Build Speech Toxicity Checker using Tensorflow.js

Introduction

In this article, we will be building a speech toxicity checker which takes as input the spoken word from our microphone and notifies whether the speech is toxic or not. For this purpose, we will be employing Tensorflow.js (pre-trained toxicity model) and the SpeechRecognition API of our browser.

Note-  The web app that we will be building is only supported in newer browsers such as Google Chrome or Mozilla firefox.

Tensorflow.js Toxicity Model

Built on the universal sentence encoder, the Tensorflow.js toxicity model is a classification model that can detect toxic language. It can classify text into 7 different classes of toxic language (insults, obscenities, identity-based hate, threats, sexually explicit, severe, and general toxicity). It was trained on 2 million comments labeled for toxicity (civil comments dataset).

Toxicity model
Toxicity model

The speech-recognition browser API

Google lets us use its speech-recognition engines in the form of the Web speech API. Additionally, for the purpose of allowing javascript to access the browser’s audio stream and convert that stream to text, we use the Web Speech API.

So we will be using this API to detect what the user said (through the microphone).

1. Frontend HTML Part

i) Create Starter HTML File

We will begin by making an HTML file called ‘index.html’. This will contain our starter code for importing all the libraries, module files, and stylesheets going forward.

In the ‘head’ tag of our HTML file, we will be importing the frameworks, models, modules, and other script files.

ii) Importing Tensorflow.js

For the purpose of using deep-learning models in the browser, we need to import tensorflow.js in the header tag as below –

<script src="https://cdn.jsdelivr.net/npm/@tensorflow/tfjs/dist/tf.min.js"> </script>

iii) Importing the Toxicity Model

The toxicity model that will be used to classify our inputs can be easily imported using the script tag. It will essentially be imported from the Google API for tensroflow.js pre-trained models.

<script src="https://cdn.jsdelivr.net/npm/@tensorflow-models/toxicity"></script>

iv) Importing Bootstrap

Bootstrap 4.1.1 will help us to handle the styling for this project with ease. You can import it like so:

<link rel="stylesheet" href="https://stackpath.bootstrapcdn.com/bootstrap/4.1.1/css/bootstrap.min.css"
        integrity="sha384-WskhaSGFgHYWDcbwN70/dfYBj47jz9qbsMId/iRN3ewGhXQFZCSftd1LZCfmhktB" crossorigin="anonymous">

v) Importing jquery

Jquery is a wonderful framework that provides various functions and utilities. Essentially we will be using it to initialize and vacate HTML elements.

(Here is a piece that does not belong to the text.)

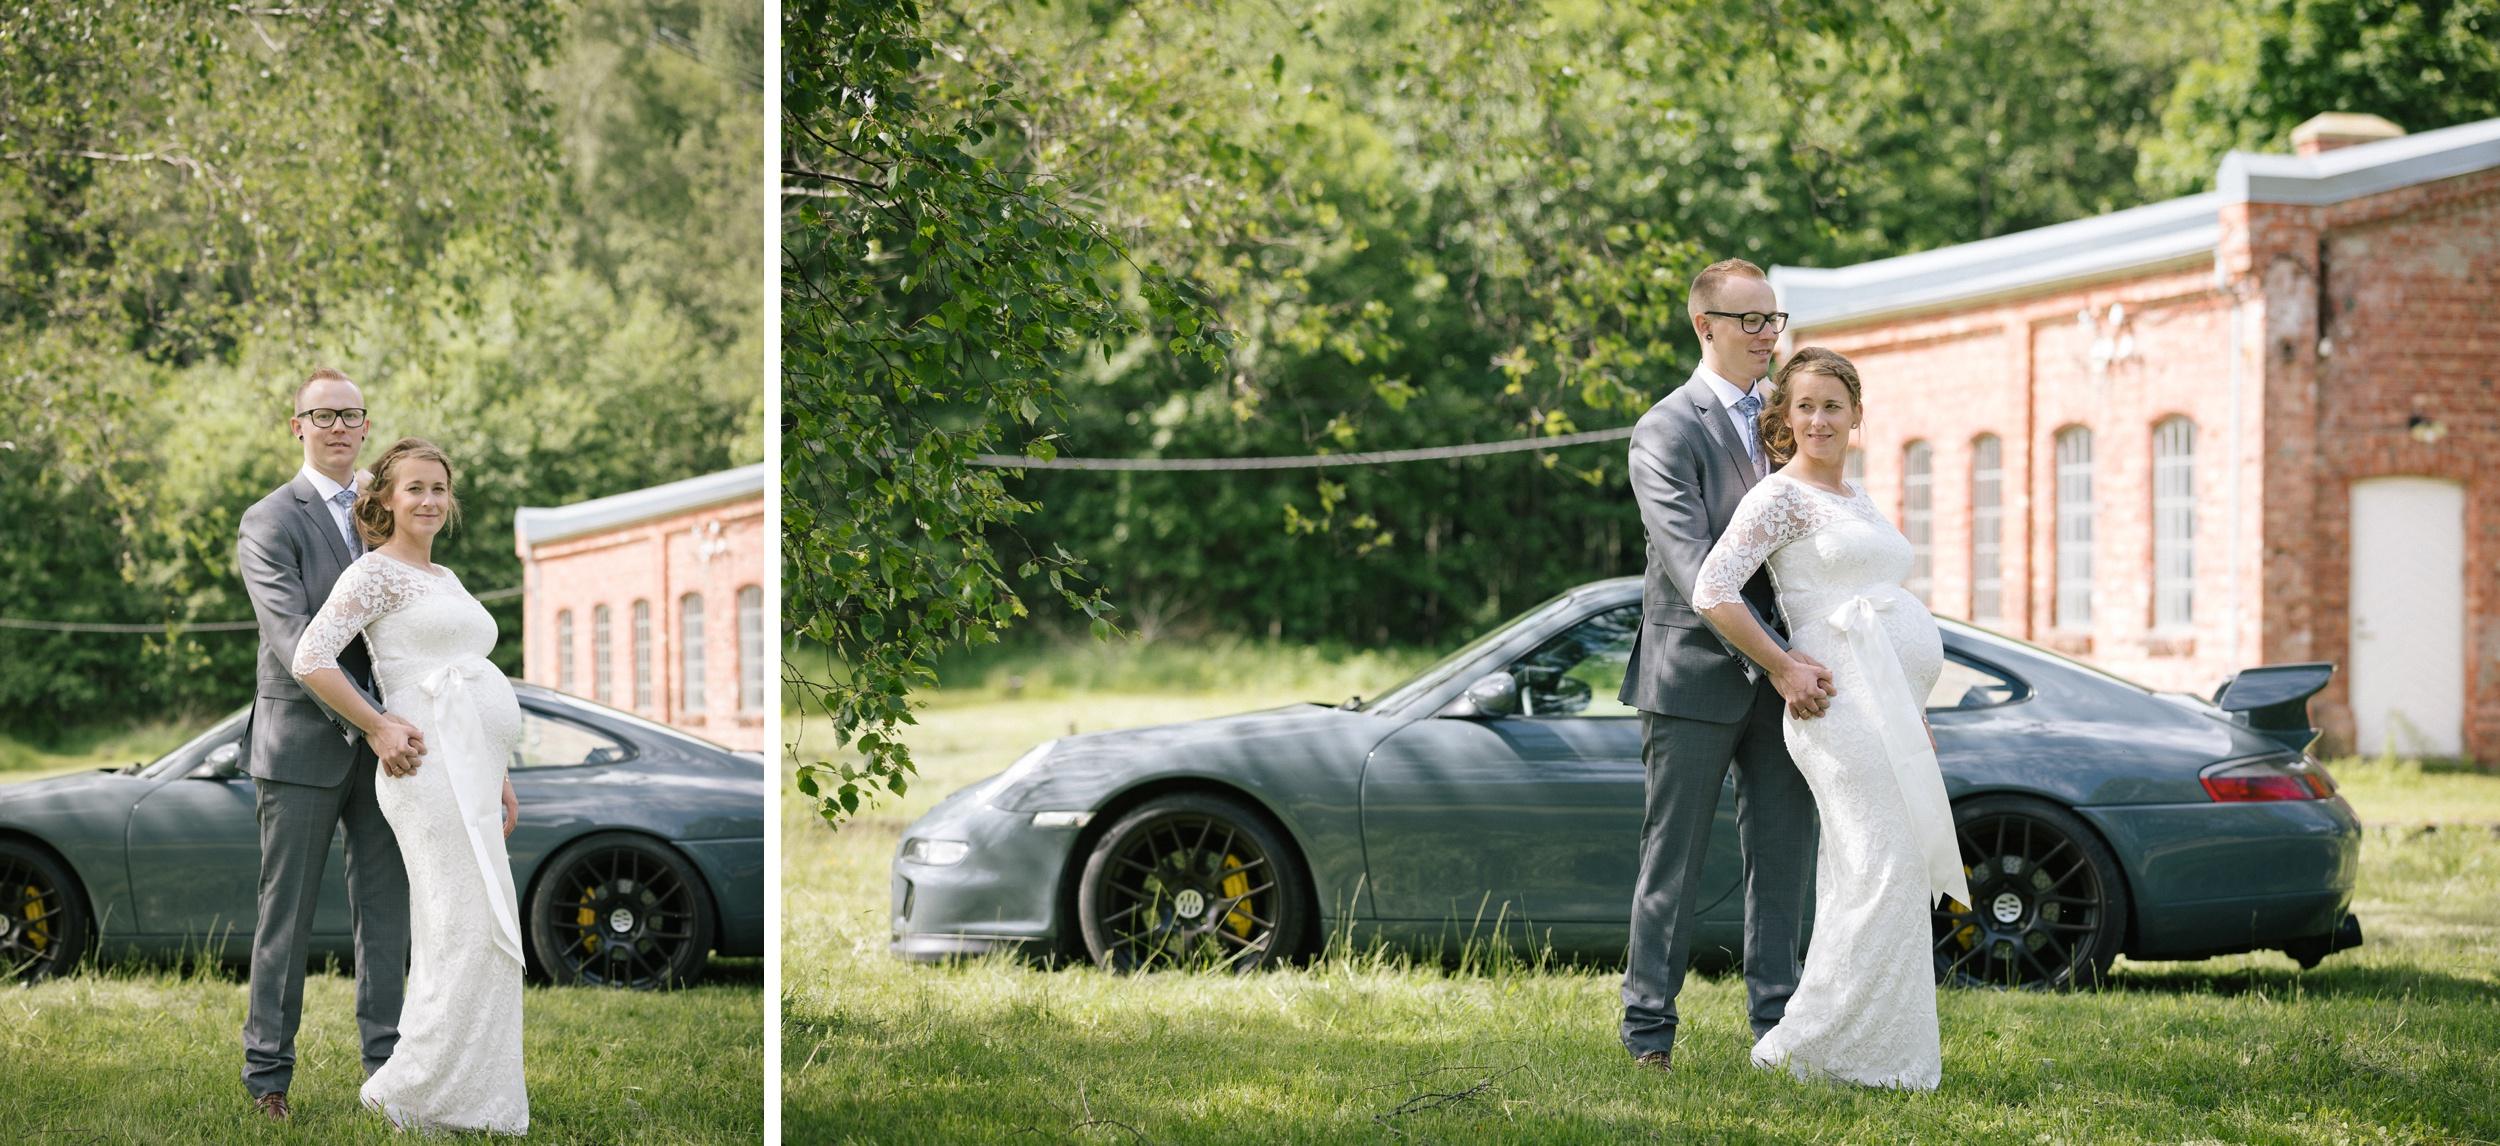 bryllup-bryllupsfotografering-bryllupsfotograf-sarpsborg-20170617-_H2A2908anneli_phillip_WEB.jpg
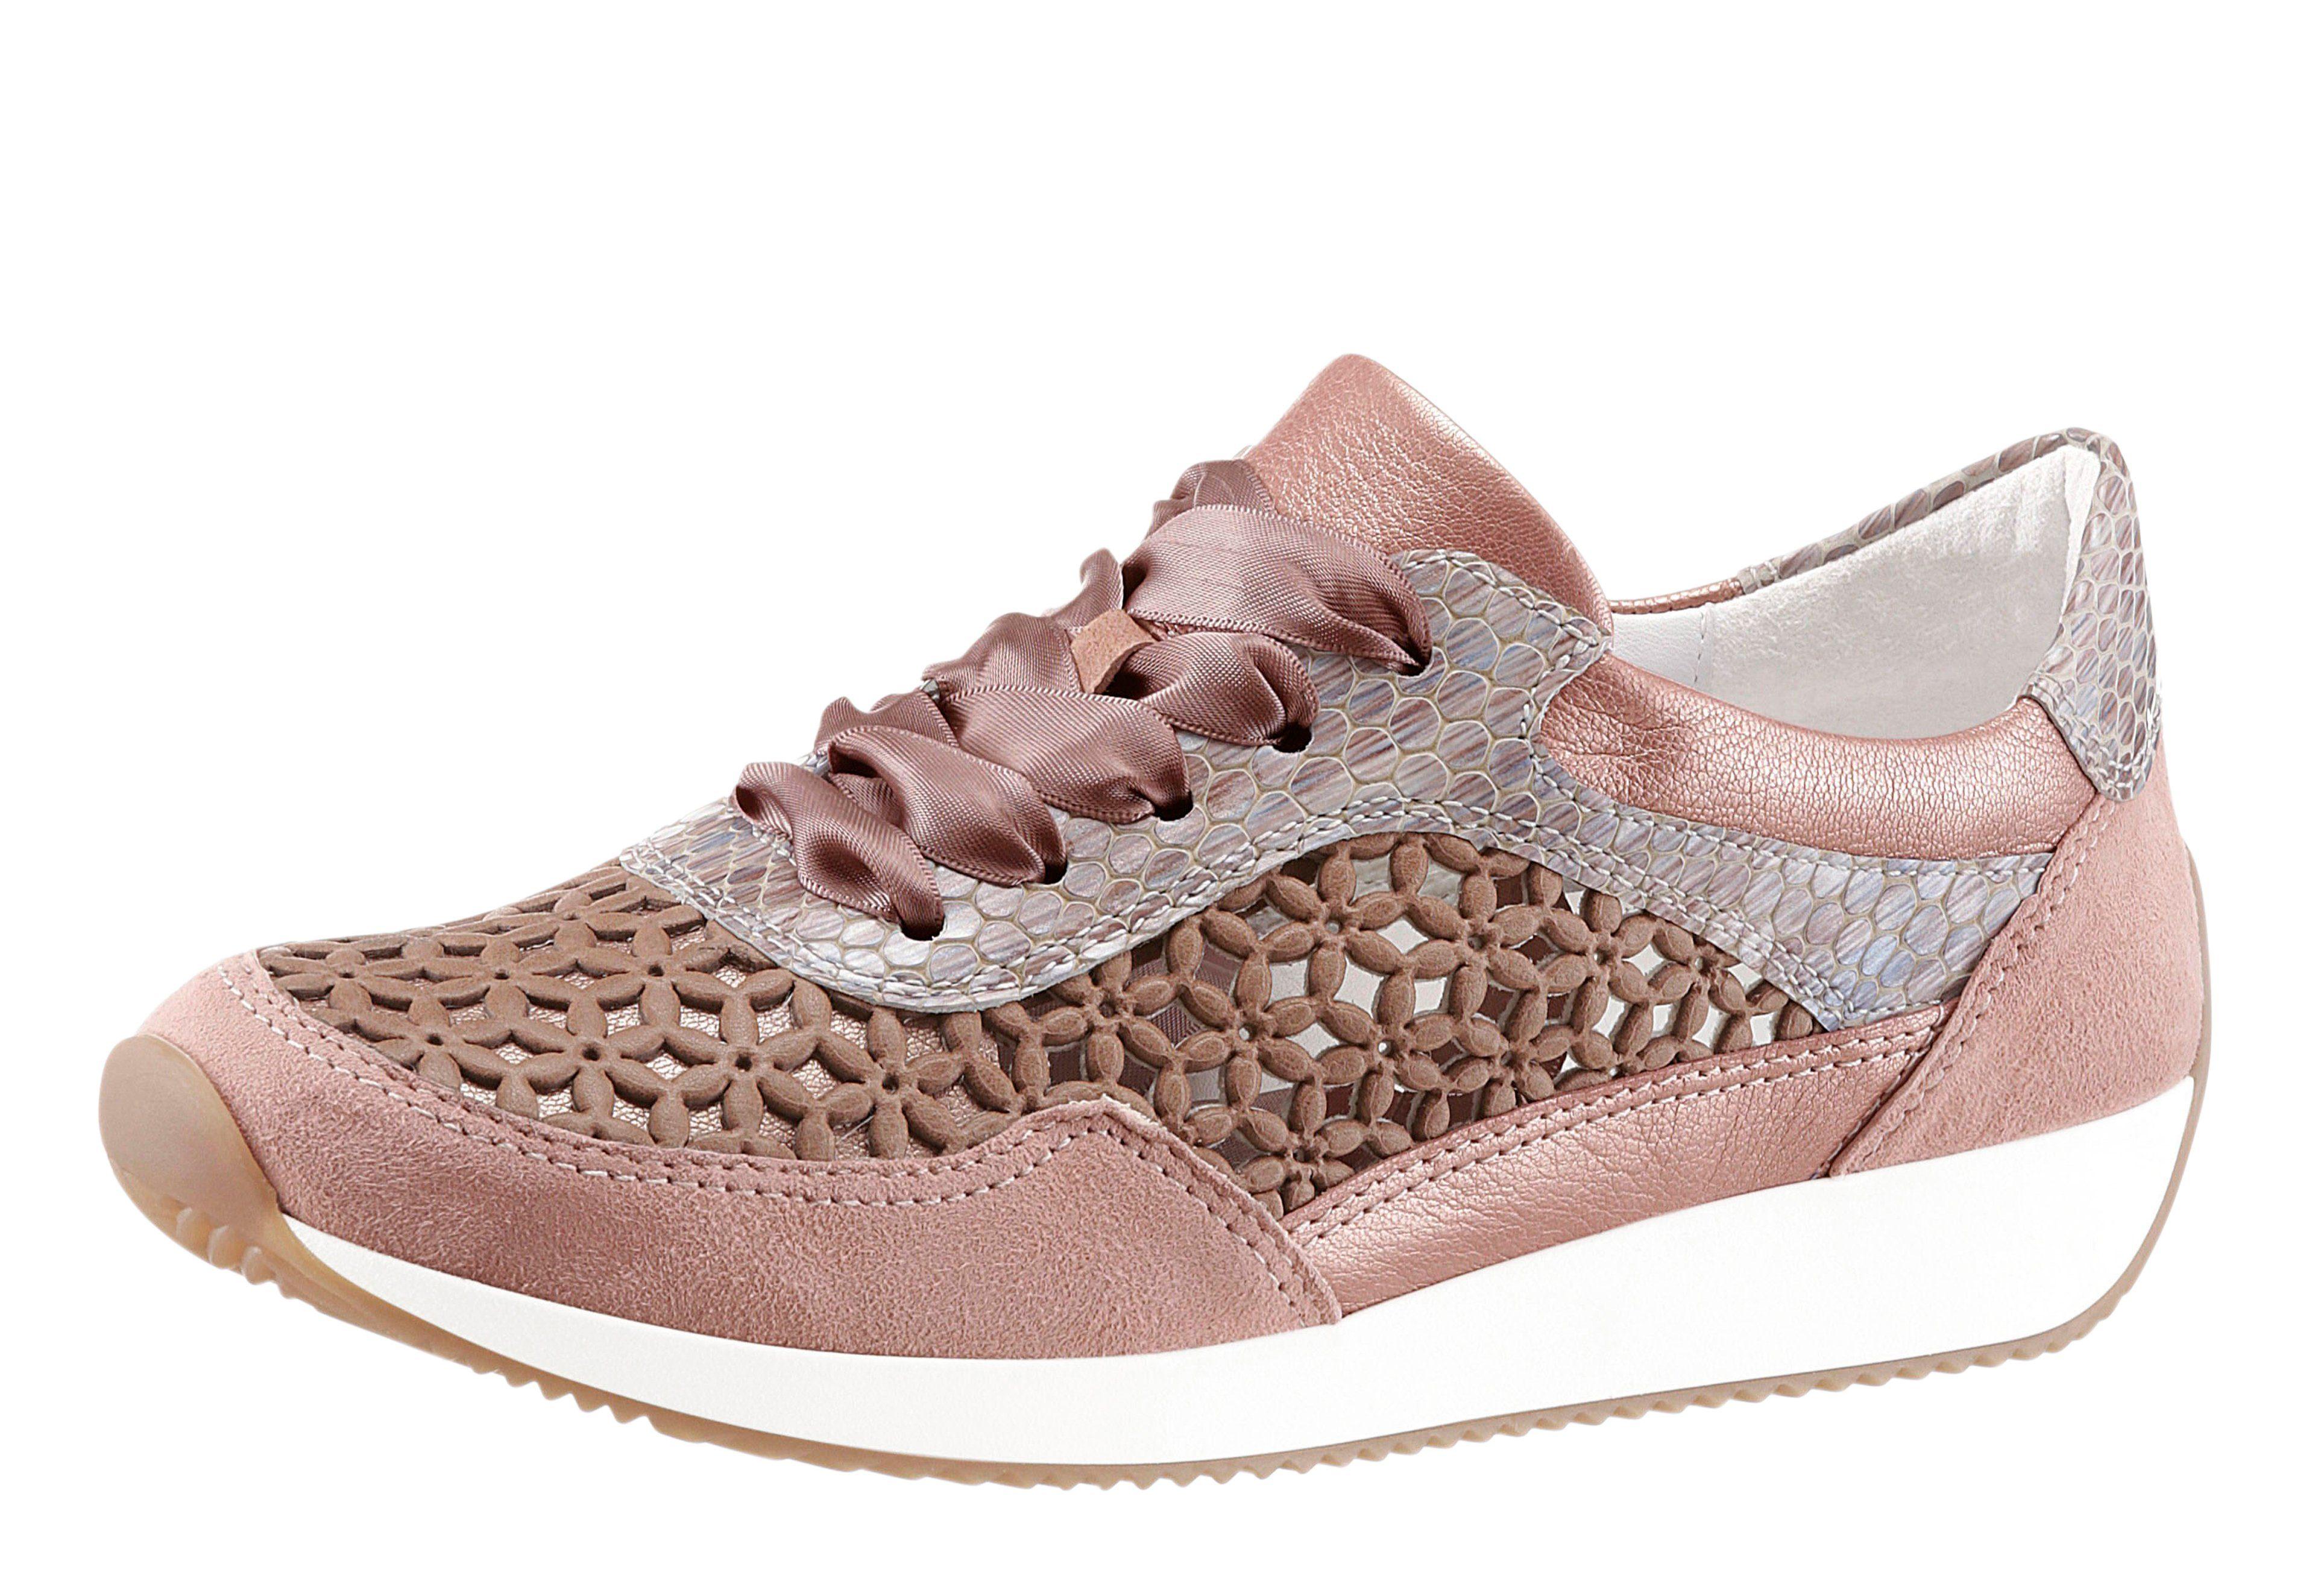 Ara Chaussures En Dentelle Rose aggweGYab

<script src="https://code.jquery.com/jquery-3.3.1.min.js"></script>

vi) Importing the script file

This file is responsible for initializing the model, getting the predictions and representing them on the HTML.

<script src="index.js"></script>

vii) HTML Architecture

It is essential that our HTML has the capability to record what the user is saying, initialize the model for prediction, and finally display the predictions.

HTML architecture
HTML architecture

vii) Body of the HTML

Here we are using the bootstrap columns format. We are creating a ‘Talk’ button which when pressed will initialize the browser’s speech-recognition API and record what the user has spoken.

Another button called ‘Predict’, initialized with an ‘onclick’ function ‘getPred()’ which will ultimately get the predictions from the model and present them on the screen.

<body>
    <main>
        <div class="container mt-5">
            <div class="row">
                <div class="col-6">
                    <button id="talk">Talk</button>
                    <h3 id="allclear">Query : <p id="content"></p></h3>
                </div>
                <div class="col-6">
                    <button id="predict-button" class="btn btn-dark float-right" onclick="getPred()">Predict</button>
                </div>
            </div>
            <hr>
            <div class="row">
                <div class="col-12">
                    <h2 class="ml-3">Predictions</h2>
                    <ol id="prediction-list"></ol>
                </div>
            </div>
        </div>
    </main>    
</body>

An HTML list element is also initialized which will be populated when the model returns the predictions on our input.

2. Javascript Part

We will now create a javascript file called ‘script.js’ which will contain all the code discussed in the below sections.

i) Initializing the Web Speech API

We initialize a ‘window.onload’ function which is called when the window is loaded. All the upcoming code will be enclosed inside a ‘try’ block which will immediately be followed by a catch block that will execute if your browser does not support the SpeechAPI.

window.onload=function(){
   try{
     //Code goes here
   }catch(e){
      //Error handling code example
      console.log('Your browser does not support the SpeechAPI, Try with google chrome')
 }}

a) Initializing the recognition process

In the further sections, we will be adding event listeners to our buttons but first, we need to fetch them inside const values to be referred to later. Next, we initialize the speech-recognition object and then use the ‘onstart’ event which will inform us if the recognition process has started or not.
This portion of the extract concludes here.